Have you inserted family, friends, and colleagues into any of the characters in the book?

That’s a dangerous question. I can hear the lawyers panting in the background. The truth is – yes, but you’d never recognise them. I draw on true life to make characters real, but never the bits you’d expect.

For example, I once used my grandmother as a model for an elderly homicidal Portuguese farmer. She was not homicidal, as far as I know, nor Portuguese or a farmer, but she had something of the tone I was looking for. She never knew.

Jason – the desperate young journalist, stuck on a local paper – draws a great deal on my own frustrations over the years, my memories of dead-end jobs making unmemorable corporate videos.

But in many other ways, he is quite different from me. He’s braver, for one thing. Or perhaps more foolhardy. And is used to charming his way out of problems, which I’ve never learned to do.

Did you plot the book or make it up as you went along? Does the end result differ greatly from how you envisaged it?

I started the book seven years ago – and one of the starting points was a story about a knife crime that had been shortlisted for an award years before. So, to that extent I already had part of the ending on paper.

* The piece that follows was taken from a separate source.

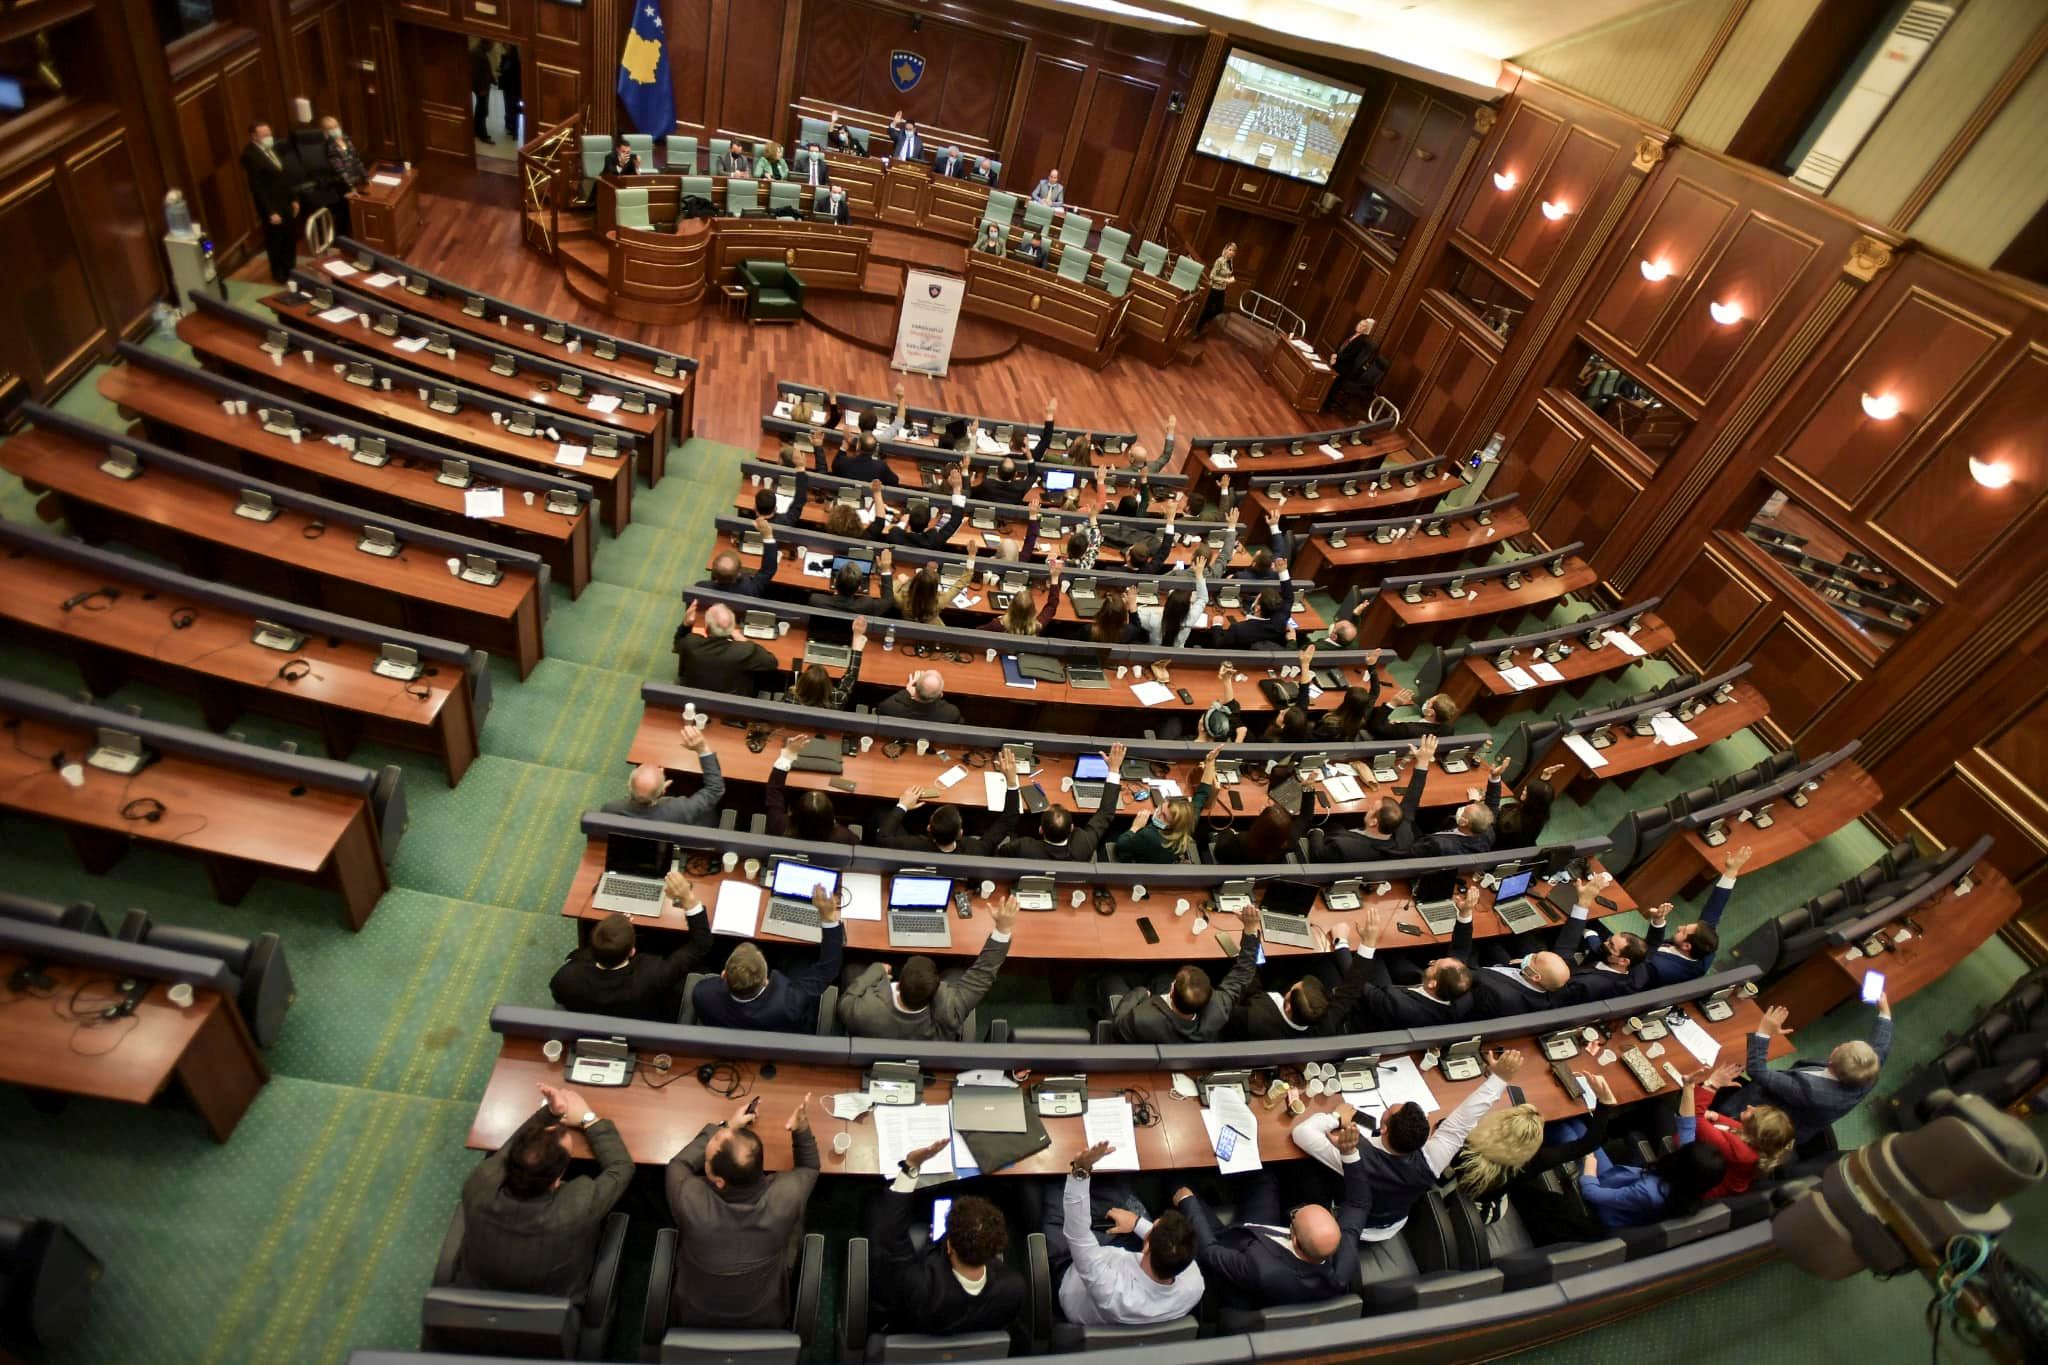 Kuvendi nesër mban seancë, votohet edhe rezoluta për pagat në sektorin publik

I did plan a fair bit, but I also changed a fair bit. I find the process is like cleaning a window, to see the view better. When you can see the view, you forget the grubby marks that have been wiped away.

Which is easier to craft – fiction or non-fiction?

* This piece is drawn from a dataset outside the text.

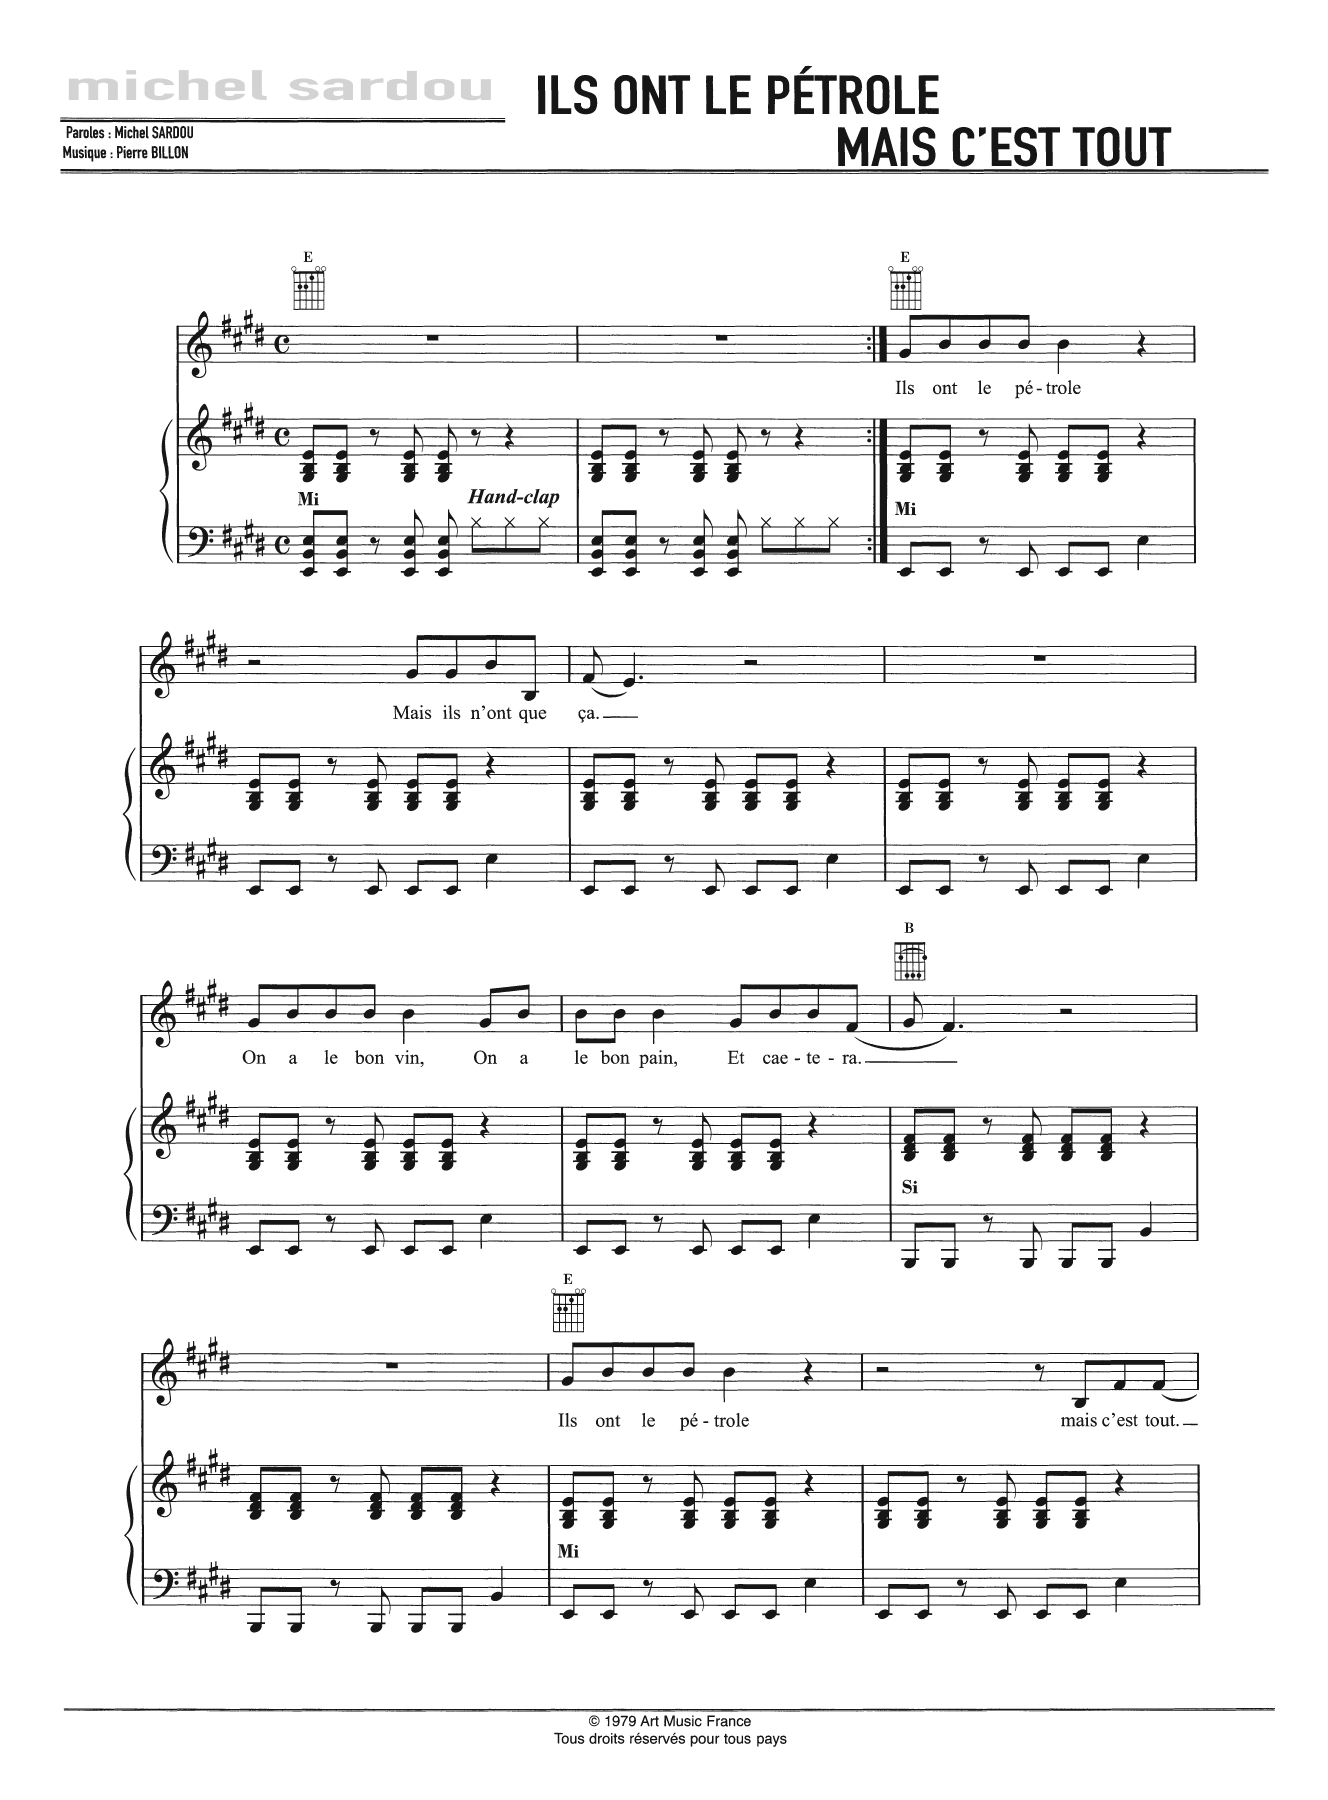 Michel Sardou Ils Ont Le Petrole Mais C'est Tout Sheet Music Notes & Chords for Piano, Vocal & Guitar - Download or Print PDF

I don’t think it depends on whether it’s fiction or not.

All good ideas push you into areas that are new and scary. Liam Glass was a massive challenge, a darkly comic crime satire, with multiple storylines and characters who have to be brought together in a satisfying way at the end.

In both cases, you have to be enormously honest and truthful, even with satire and comedy – maybe especially with satire and comedy. Anyone can put words on a page. It’s the honesty that makes the job difficult.

Any unpublished gems in your bottom drawer?

If they were gems they wouldn’t be in my bottom drawer, but there are a number of projects I keep getting out and looking at, and saying to myself that one day I’ll solve the deep underlying structural problems of.

What’s the current project in progress? How’s it going?

As it happens, I’m back on the police novel that sparked off the Police Slang book.

It’s darker than Liam Glass  - a psychological thriller. The latest draft has just gone off to the editor, and I’m distracting myself with the launch of Liam Glass and telling myself I don’t really care what she says and won’t try to throw myself out of the window when it comes back.

As it happens, I work on the ground floor, so that would be a rather ridiculous thing to do.

What’s the best thing about writing?

It’s all down to me. All film directors are control freaks, but actually you get very little control. There are too many ungovernable factors. In writing, no other idiots get in the way. It’s just me.

The worst?

I’m the idiot getting in the way.

 What are the last five books you’ve read?

Two O’Clock Boy – a lovely debut crime novel by my friend Mark Hill. (It’s always a relief when a friend’s book turns out to be good).

Proust – I’ve always meant to read him and I’m working my way through. I couldn’t tell you what on earth is happening, if anything, or why it’s so fascinating, but it is. Characters, insights... honesty and truth again, in spades.

Dead Writers in Rehab – another friend, as it happens, the very funny Paul Bassett Davies. I sound like I’m log-rolling but it’s a very good, warm, compassionate, comedy with a serious theme. (Another sigh of relief).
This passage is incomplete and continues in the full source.